If you’re unsure, say so. Add “Interview me about the payment integration” to your requirements. The agent will ask you the right questions.

4. Log In to Docker

The loop runs inside a Docker sandbox. Claude Code gets full permissions in there, but it can’t touch your host machine.

docker sandbox run claude .

Answer yes to bypass permissions mode. Exit. You only need to do this once to authenticate.

5. Run the Loop

Start small:

./ralph.sh -n 2

Watch what it does. Check the commits. If it looks good, scale up:

./ralph.sh -n 10

When you’re confident, let it run overnight:

./ralph.sh -n 30

That’s it. Ralph picks the highest priority task, implements it, runs tests, commits, and moves on. When all tasks pass, it stops.

Steer Mid-Run

While the loop runs, you can edit .agent/STEERING.md to redirect priorities. The agent reads this file at the start of each iteration.

Found a critical bug? Write it in STEERING.md and the agent will handle it before continuing with the task list.

Review the Output

Ralph leaves a trail:

.agent/logs/LOG.md — chronological log of completed work
.agent/history/ — full output from each iteration
git log — every completed task is a commit

If something went wrong, git revert the bad commit. The task’s tests will fail, and Ralph will re-attempt it on the next run.

Why The Loop Works

Most AI coding sessions die when the context window fills up. The model starts forgetting earlier instructions. Output quality drops. You’ve hit the “dumb zone.”

Ralph avoids this entirely. Each iteration starts with a fresh context. The AI reads a task list, picks the next task, implements it, verifies it, commits, and exits. The next iteration starts clean.

State lives in text files and git commits. Not in the context window.

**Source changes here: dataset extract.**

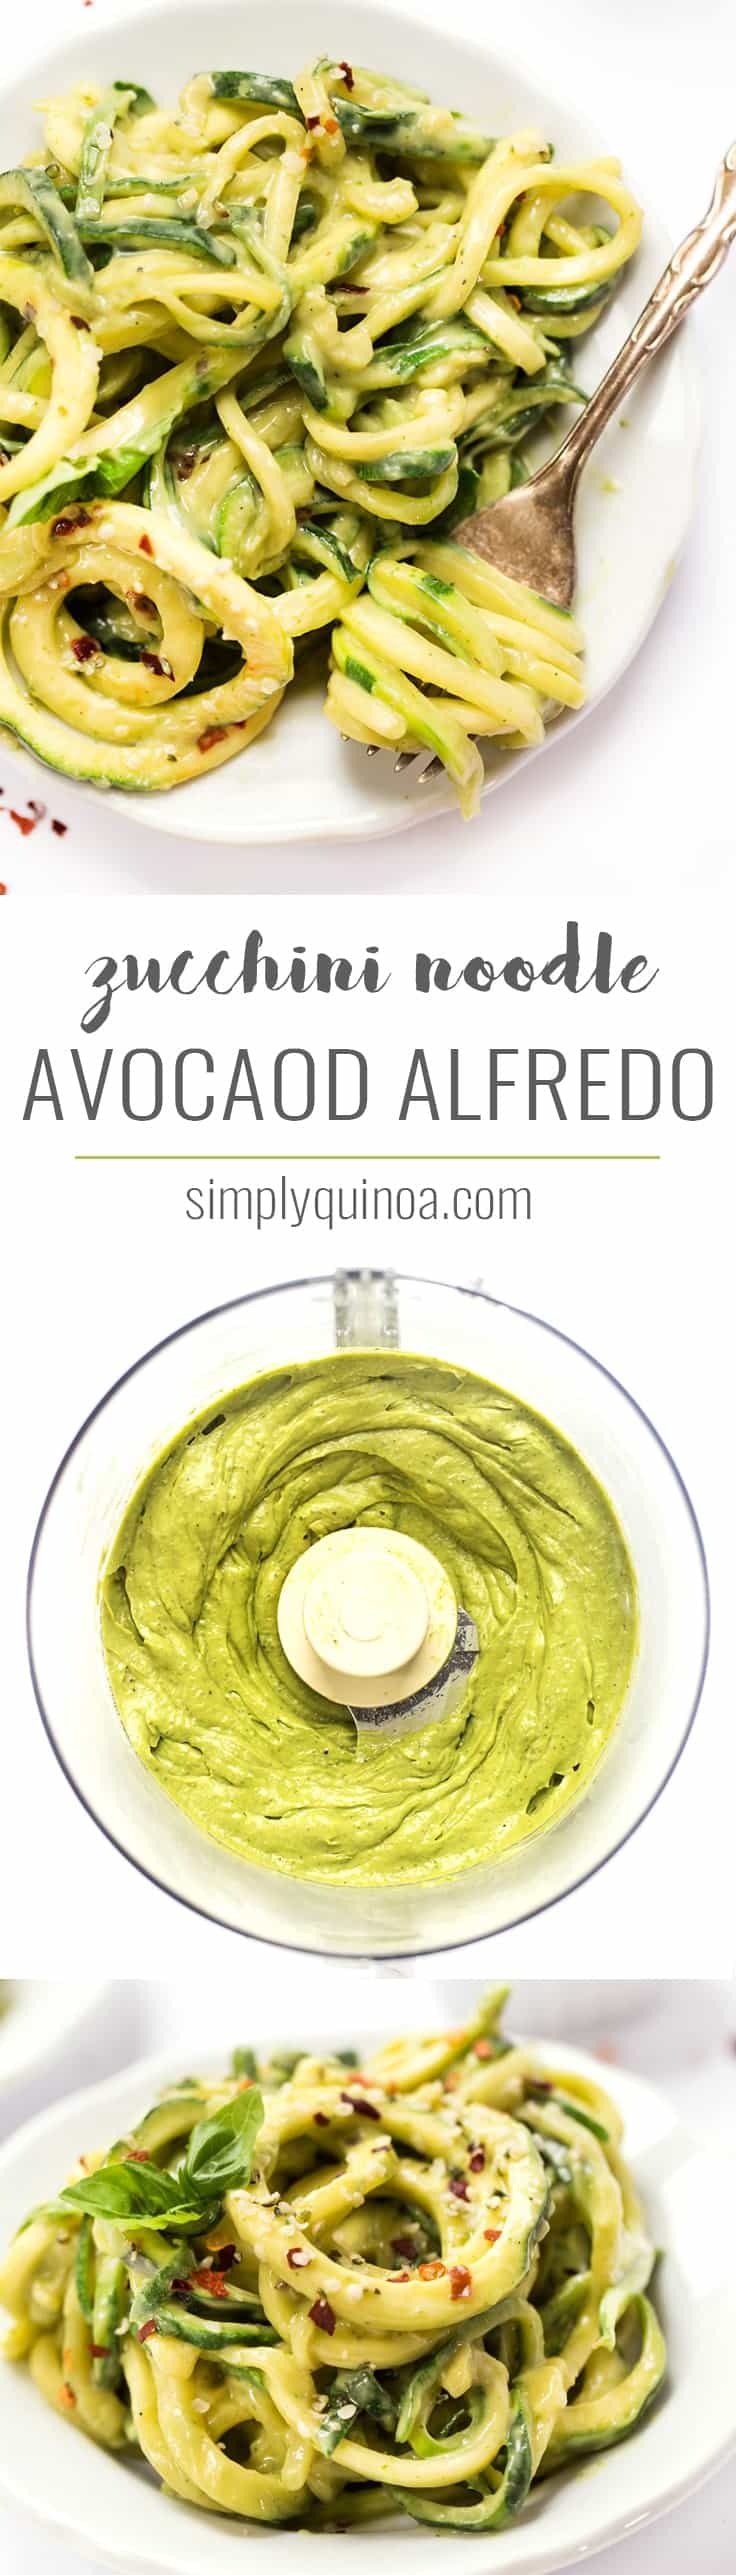 This easy AVOCADO ALFREDO is a twist on the classic but doesn't use any dairy. To lighten things up even more we're using zucchini noodles instead of pasta!

This is how you scale AI coding from “help me write a function” to “build me an app.”

Where Ralph Shines

Prototyping and MVPs. Idea to working app, fast
Automated testing. Writing E2E and unit tests that would take you hours
Migrations. Moving an entire codebase to a new framework version
Repetitive tasks. Bulk refactoring, boilerplate, file restructuring

Where It Struggles

Pixel-perfect design. Nuanced UX and interaction flows
Novel architecture. Truly unique systems with no patterns to follow
Security-critical code. Where edge cases absolutely cannot exist

The Important Bit

Your role changes. You stop being the one who writes every line and start being the one who plans, delegates, and reviews.

That means the most important skill in 2026 isn’t typing code faster. It’s describing what you want clearly: UI specs, flows, constraints, integrations. This is the key.

Ralph is just a loop. The real work is in the setup around it and getting requirements + passing criteria right. Figure those out, and the loop handles the rest. That’s exactly why I spent weeks putting this together.